The city on the same day accepted the water works under the terms of the agreements then tendered, and in its ordinance so accepting it provided "that no payment shall be made on said contract if said company does not comply with its agreement herein before recited, but on compliance therewith the payments shall be made, commencing on the first day of June, 1885." The ordinances did not give to the city the power to regulate and control the water works, and to make them effective in case the water company failed to do so.
This action was brought to recover the price stipulated for the use of hydrants for the time intervening between June 1, 1885, and January 1, 1886. The ordinance was made a part of the petition.
The city filed defenses thus summarized, in the brief of its counsel, correctly:
"1. A general demurrer.
"2. That it appeared from the petition that the contract sued upon created a monopoly and perpetuity in plaintiff.
"3. By special exception, that no authority to make said contract was therein alleged.
"4. That it appeared from said petition that the city council had rented the hydrants for a period of twenty-five years, at the yearly rental of three thousand dollars, and no authority was alleged in the council to bind the city for such a period of time.
"5. A general denial.
"6 and 7. That said contract was inoperative, against public policy and void, because the city of Brenham, having less than ten thousand inhabitants, was prohibited by the Constitution and laws of the State from levying for city purposes more than twenty-five cents on the one hundred dollars valuation on the property subject to taxation, and at the date of said contract the current expenses of the city, including salaries of officers and other reasonable and necessary expenses, annually incurred, exceeded the revenue derived from said tax."
"That there was no excess in any fund, which could be appropriated to the payment of the rent of said hydrants, and the council having no means to pay said rent, and having exhausted the limit of taxation allowed by law, were not authorized to contract said debt; that at the date of the contract the entire available current revenue of the city, out of which the expense incurred by said contract could be paid, amounted to the sum of eight thousand seven hundred and sixty-three dollars and thirtyone cents, an itemized statement of which is given, while the current expenses amounted to the sum of twelve thousand nine hundred and forty-two dollars and fourteen cents, an itemized statement of which is given; that these expenses, exceeding all the available revenues of the city, rendered the contract inoperative, illegal and void.
"8 and 9. That the contract was an attempt on the part of the council to surrender its legislative discretion and barter away the power conferred upon it by law, and was contrary to public policy.
"10. The contract, under the pretense of obtaining water for the city, was in truth and in fact a donation.
"11. That the price stipulated was so extortionate, unreasonable and oppressive as to render said ordinance void.
"12. That said contract exempted the property of plaintiff from the payment of city taxes during the term of twenty-five years, and was in violation of law, which prohibits the council from appropriating the school tax and other special taxes to any fund other than that for which it was levied, and was therefore illegal.
"13. The defendant specially denied that plaintiff complied with its undertakings, in consideration of which the promises of the defendant were made, particularly in reference to the quantity or supply of water to be obtained and the quality of the pipes and mains furnished by the company.
"14. That for these reasons, among others, the council, on the tenth day of July, 1885, adopted 'An ordinance rescinding the contract with the Brenham Water Company, made August 18, 1884, and the supplemental contract made June 1, 1885, and repealing certain sections of the said ordinance, entitled an ordinance to provide a system of water works for the city of Brenham,' etc.
"The sections of said ordinance so repealed were all sections which required the water company to furnish water to the city for any purpose, or authorized the payment of plaintiff therefor, in the amount claimed in the suit.
"That the sections in the ordinance excepted in said repealing ordinance were the sections which gave the plaintiff the right and privilege of supplying water, and the provisions therein for the enjoyment and protection thereof.
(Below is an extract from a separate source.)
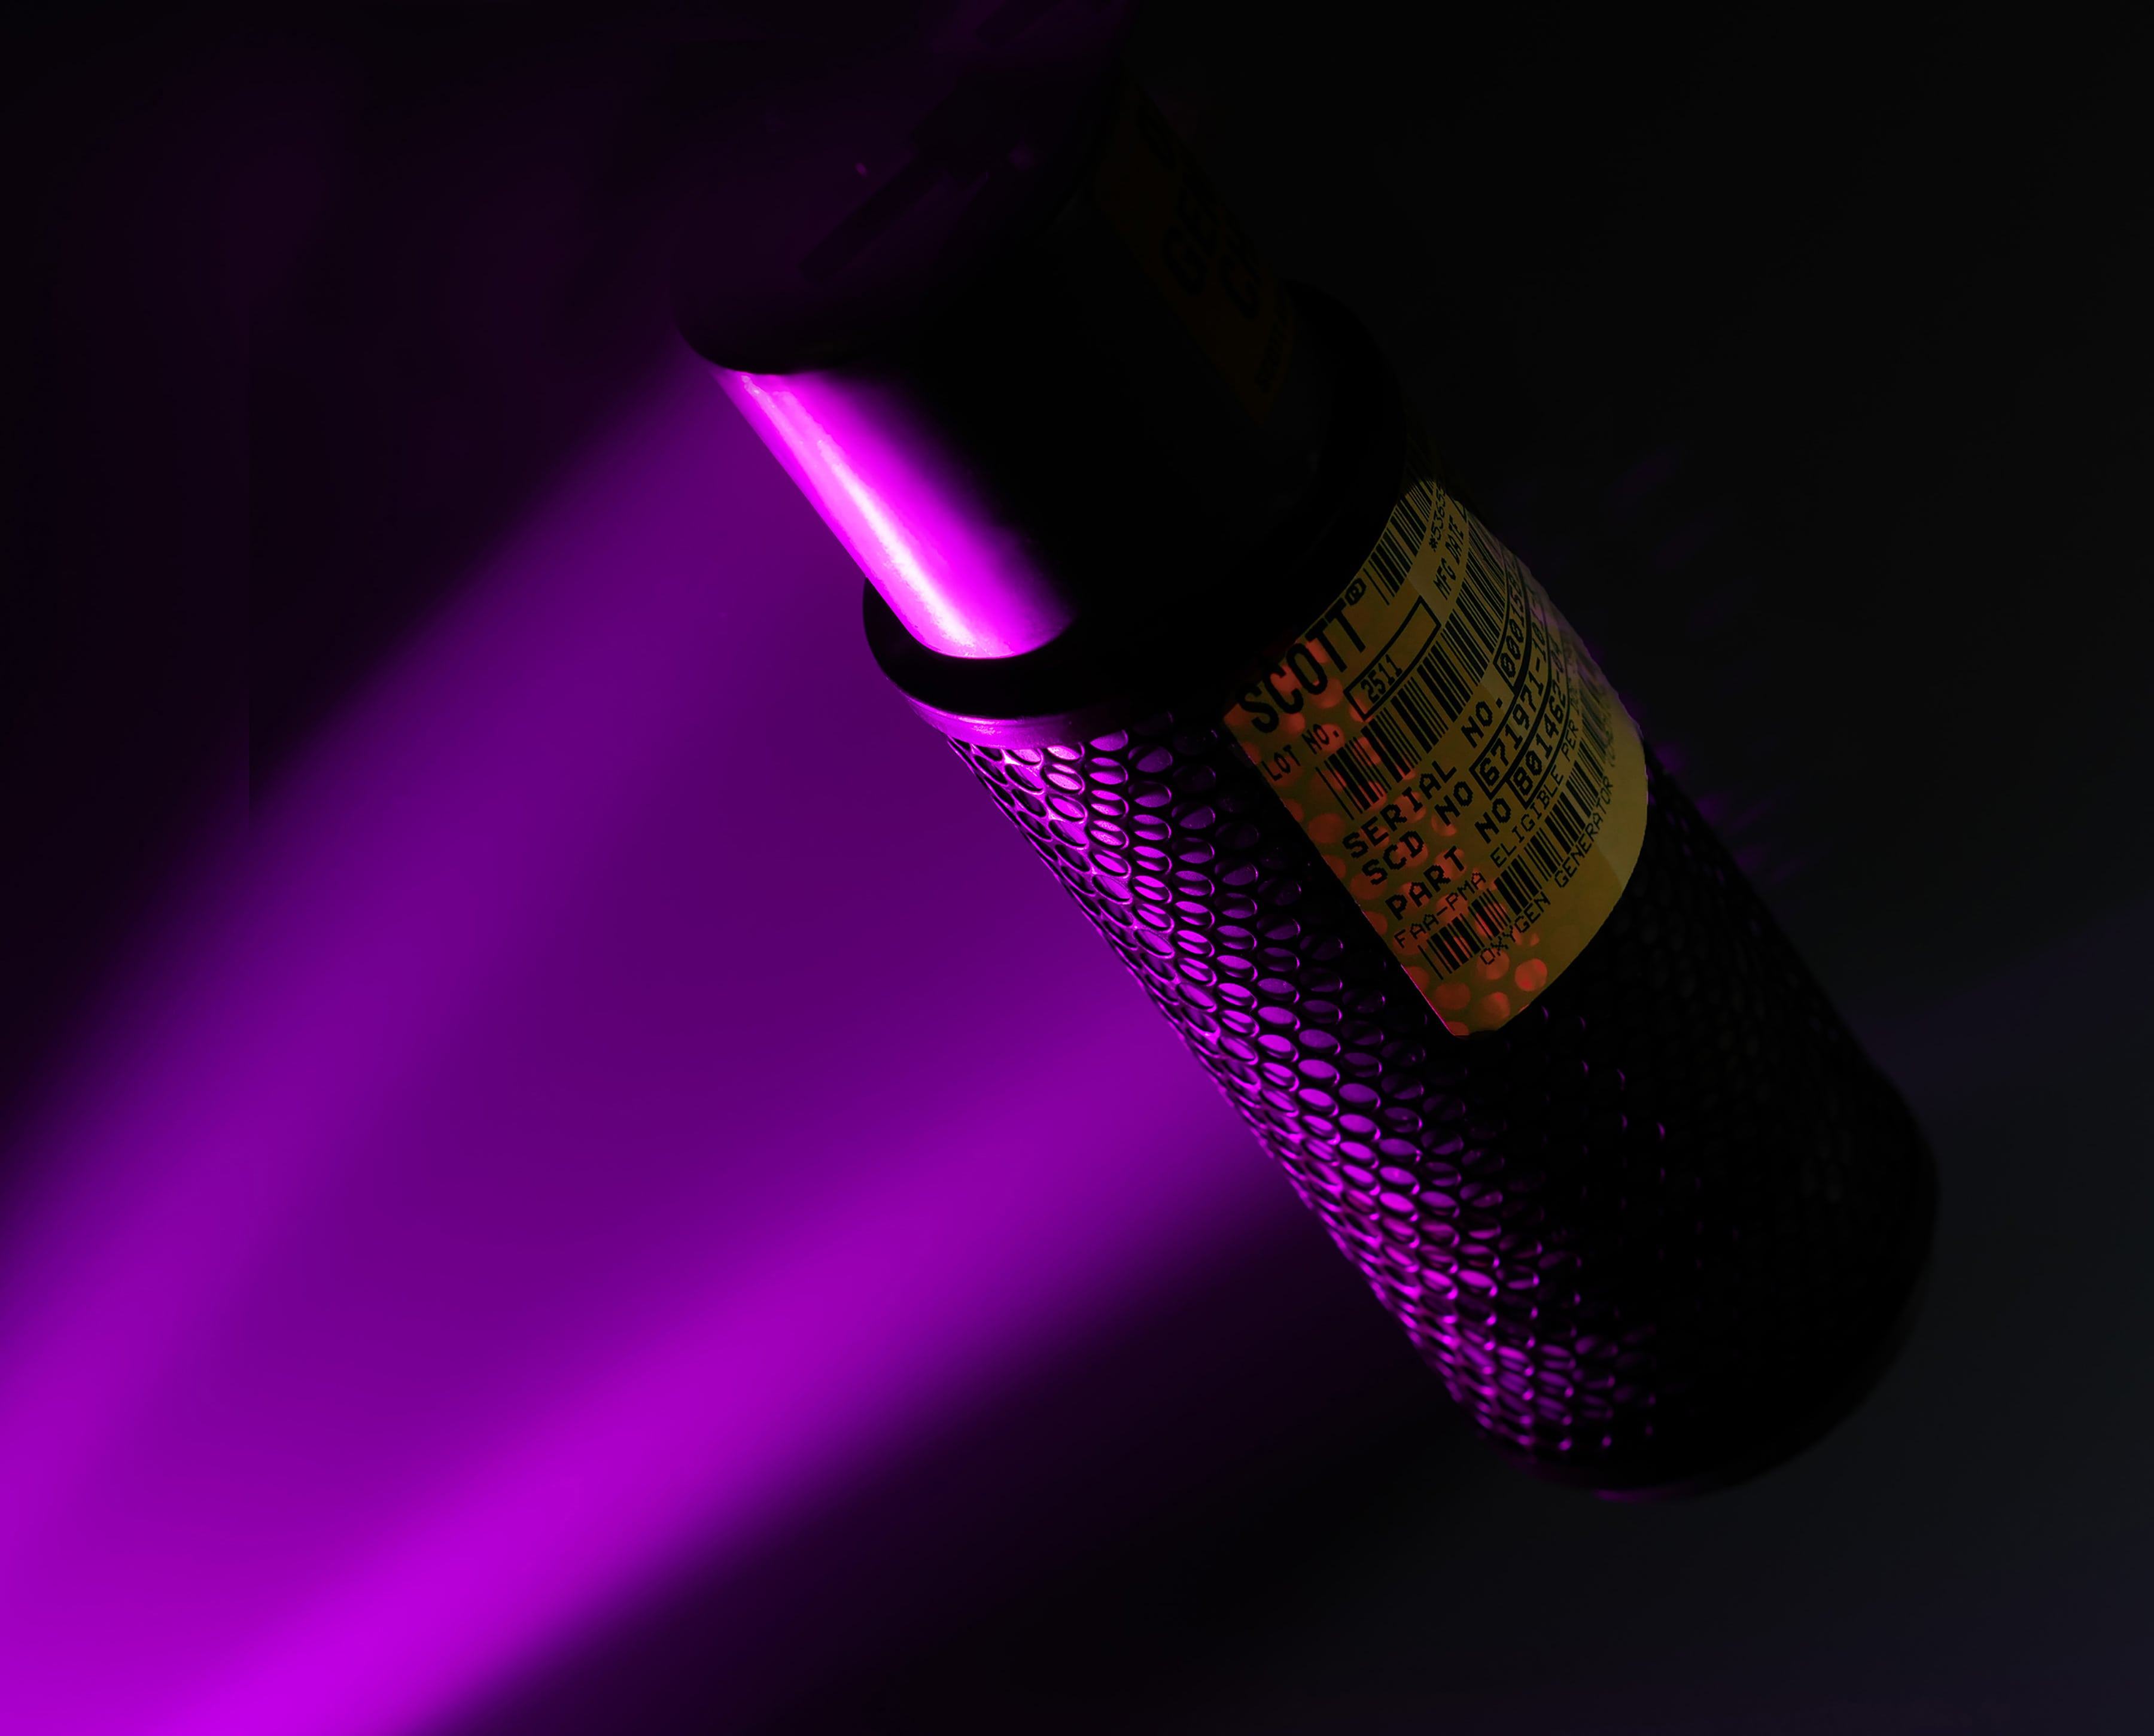 Close up of a small piece of equipment highlighted in purple light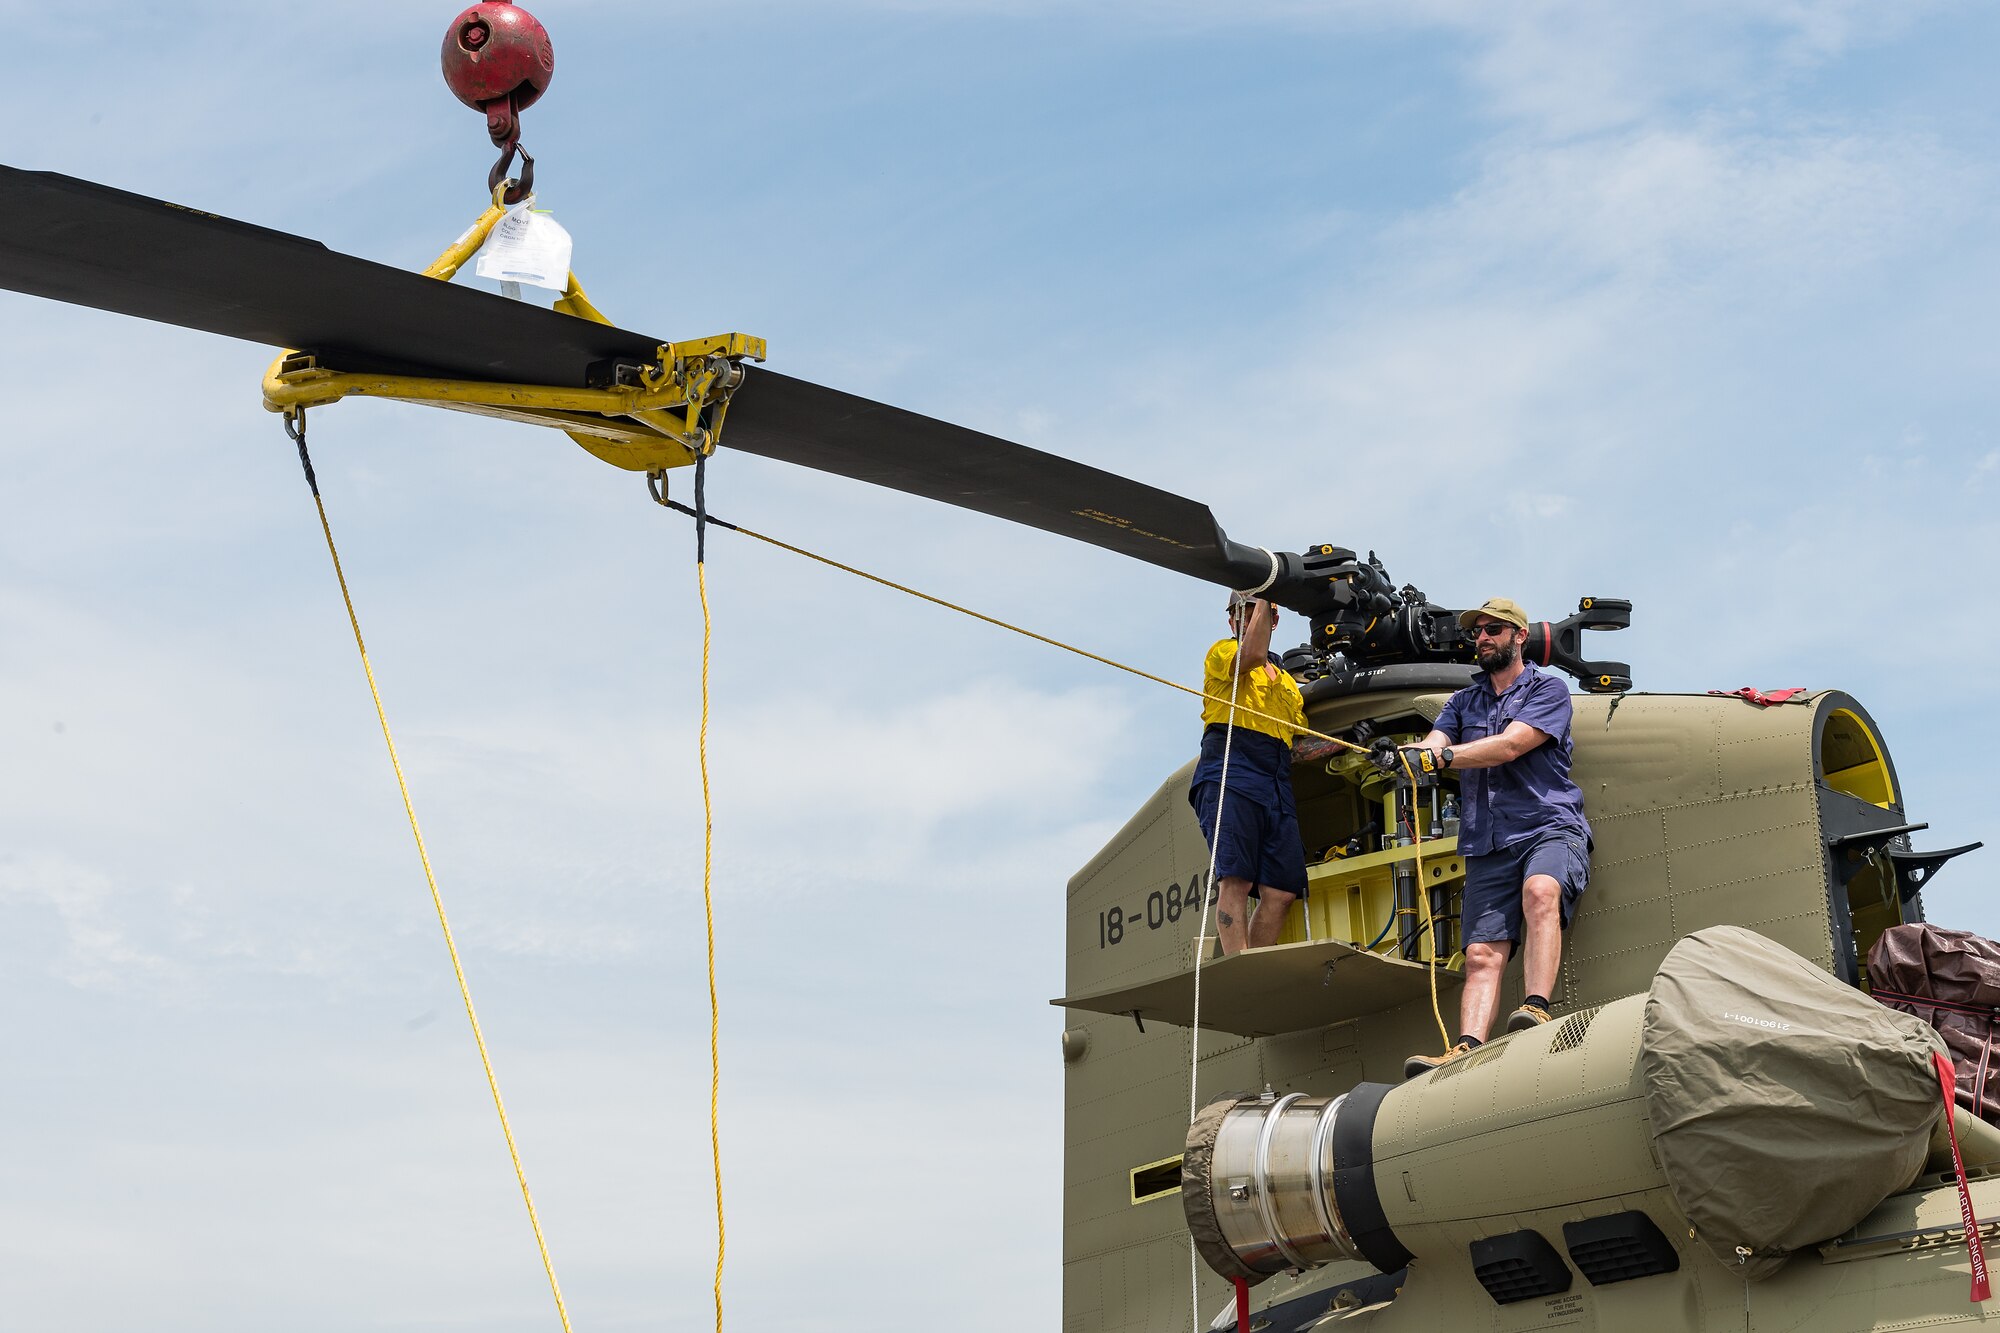 Boeing Defence Australia maintenance team members remove a rotor blade from a CH-47F Chinook helicopter at Dover Air Force Base, Delaware, June 9, 2021. BDA maintenance personnel readied two Chinooks for shipment aboard a C-5M Super Galaxy as part of the U.S. government’s foreign military sales program. The U.S.-Australia alliance is an anchor for peace and stability in the Indo-Pacific region and around the world. (U.S. Air Force photo by Roland Balik)

That this ordinance of July 10 is a bar to plaintiff's action.
"15. That at the date of the contract there was no such corporate body in existence as the Brenham Water Company. That the pretended existence of such a corporation at the date of said contract was false and fraudulent.
"16. That the said company, through its agents, falsely represented to and assured the council, as an inducement to the contract, that the system of water works would secure a general reduction in premiums paid for insurance, and that the amount saved in this way would be greater than the amount expended for water, and that, instead of such a reduction, the rates had been increased.
"17. That the supplementary contract of June 1 was made by the council while acting under a mistake of existing facts, and was obtained through the false representations of W.C. Connor, an agent of plaintiff. That the council was not afforded any opportunity of inspecting the mains and pipes, then under ground and inaccessible and in the possession of plaintiff, and the defects were of such a character as to render it impossible to discover them by any means available to the council, and that Connor represented that they were sufficient in every respect for the purposes designed, and that the council was misled by the fraudulent defects in said mains and pipes. That by reason of his false statements and misrepresentations, the alleged ordinance of acceptance was fraudulent."
The court sustained demurrers to so much of the answer as alleged that the contract created a debt in excess of the sum the city was authorized to raise by taxation, and to so much as set up the ordinance of July 10, 1885, rescinding the contract on which this action is based, and overruled the defendant's demurrers to plaintiff's pleadings.
The evidence introduced under the thirteenth, sixteenth and seventeenth paragraphs of the defendant's answer was conflicting. There was a verdict and judgment for the plaintiff.
The first assignment of error is that "the court erred in overruling defendant's demurrer alleging as objections to plaintiff's original and supplemental petitions:
"1. That the contract sued upon created a monopoly and perpetuity.
"2. That no authority was shown in the city council making the contract to bind the city for a period of twenty-five years, and the attempt to do so was invalid, because the council could not to that extent surrender its legislative discretion and barter away the authority reposed in it by law.
"3. Because the contract was an attempt upon the part of the council to limit the legislative authority of their successors and embarrass them in the exercise of their exclusive discretion."
The city of Brenham was incorporated under a special law approved February 4, 1873, and the first section of its charter declares that it shall "be capable of contracting and being con-contracted with." Section 5 of Article 24 of the charter gives the city power "to provide the city with water; to make, regulate and establish wells, pumps and cisterns, hydrants and reservoir, in the streets or elsewhere within said city, or beyond the limits thereof, for the extinguishment of fires and the convenience of the inhabitants, and to prevent the unnecessary waste of water." These are the only parts of the charter which have any bearing on the questions raised by the assignment.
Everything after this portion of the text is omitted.